Although the permit process in Berkeley is thought to proceed neutrally, according to proposal merits under existing zoning regulations, some proposals seem more equal than others. In the case of 740 Heinz Ave,, Wareham Development has been permitted to build to 74 ft after a complete demolition of the existing historical landmark -- this in a district in which the zoning regulations list 45 ft. as the standard maximum allowed height for new construction. Wareham’s proposed building has a floor area ratio (FAR) of four (a total floor area four times the lot area), in a district with a FAR limit of 2.0.
How is it, we ask, that a building so out of scale with the neighborhood; so universally disliked by neighbors and local businesses, could get the approval of the Zoning Adjustments Board (ZAB)? Keep asking.
This 740 Heinz proposal is trying to achieve what the City Council could not achieve by putting Measure T on the ballot -- the re-zoning of West Berkeley to essentially double the allowable building heights and massing. Not only does Council wish to give Wareham all that they ever wanted, they are taking from the quality of life for neighboring businesses and residents. Moreover, this project would provide the precedent with which a rash of such developments could be sanctioned.

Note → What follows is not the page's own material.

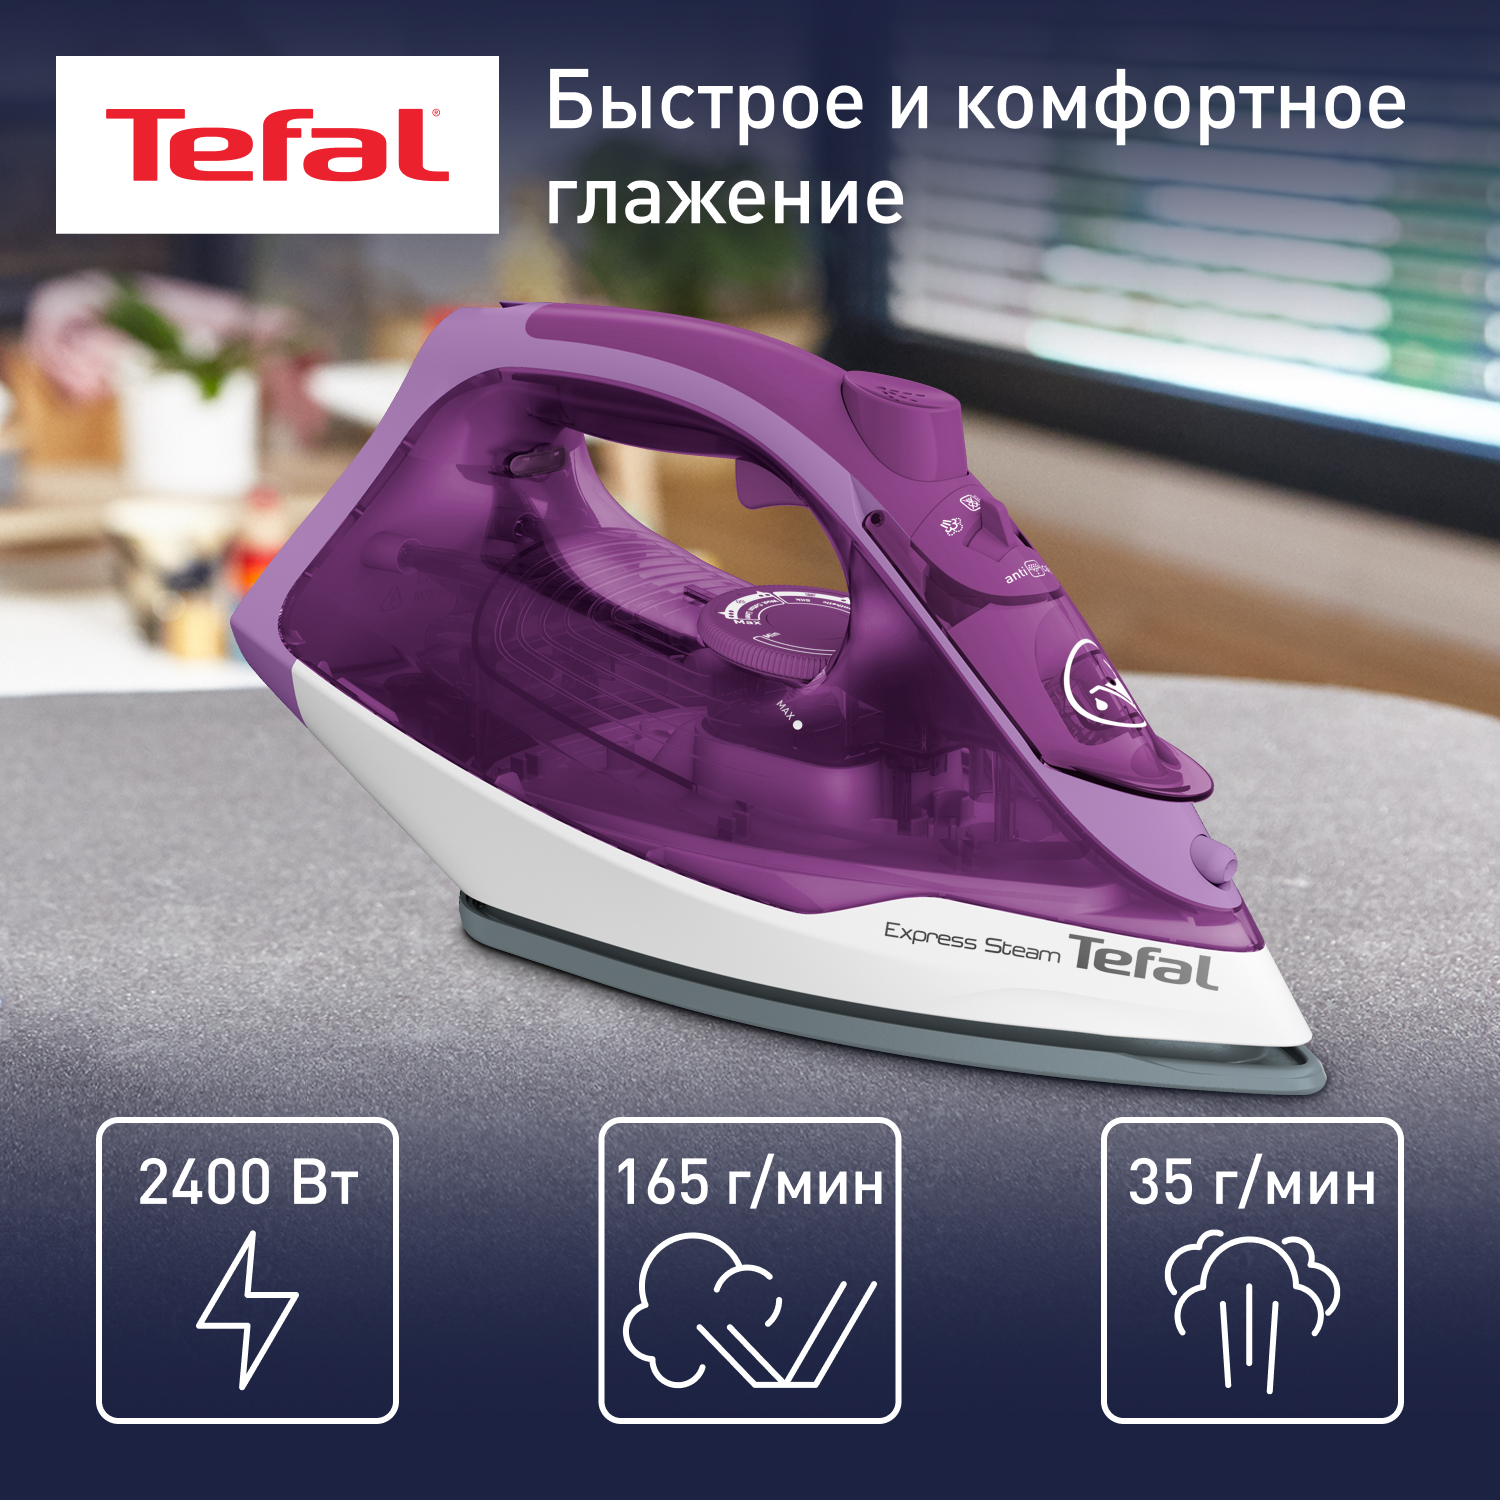 Утюг Tefal FV2836E0, купить в Москве, цены в интернет-магазинах на Мегамаркет

The Councilperson for the affected district, Darryl Moore, who favored Measure T, said that the Council put the measure on the ballot because they “want voters to be able to hear the issues and to be able to vote on the economic project that is the West Berkeley Project and have them weigh in." Well, now that we have weighed in, will the Council majority be chastened by the vote? Don’t bet on it.
It should be noted that many think that synthetic biology is another bubble about to pop. Without Federal support, these industries would fade. For instance, even with large subsidies, Amyris has given up trying to upscale biofuel production and is shifting its energies in cosmetics. Cracks are beginning to show in their wall of the inevitability of the “green corridor”. A bubble that has pre-maturely popped. It’s a scam, a confidence game being run on the City of Berkeley. The question is, is Bates the chump, or is he the mastermind?
Wareham’s proposal appears to be a prototype of what the City staff was developing to satisfy the University’s projected needs in West Berkeley. Wareham’s proposal was sculpted by the active participation of City staff. It was they who suggested retaining the facades of the Copra building to rationalize the height Wareham was asking for. Later Wareham didn’t want the facades, and staff explained that away by saying that preservation was not one of the reasons for the granting of the variance of 2009. The purpose the City saw in Wareham’s proposal was that it would provide a precedent for the change in zoning that they were trying to force through. It hasn’t worked that well since they lost on Measure T. But they still could have the precedent that the permit to build on 740 Heinz would provide.
One problem for the City’s plan to force 740 Heinz through might be that the current proposal has a different number than the one for which the variance was granted; it is a different proposal! I am not sure what process exists for transferring variances from one permit to another, but I don’t think it was observed in this case – not in public any way. But these are things that can be clarified in court if the City chooses to try to bull on through.
Fortunately, a group of local activists have appealed the use-permit that was granted to Wareham by the ZAB at their Sept. 27, 2012 meeting. To hear the Council act on this appeal, come to the Council Chambers on 2134 MLK Way on January 22, 2013, and see whether justice will be served. The item will be heard some time after 7:00 P.M.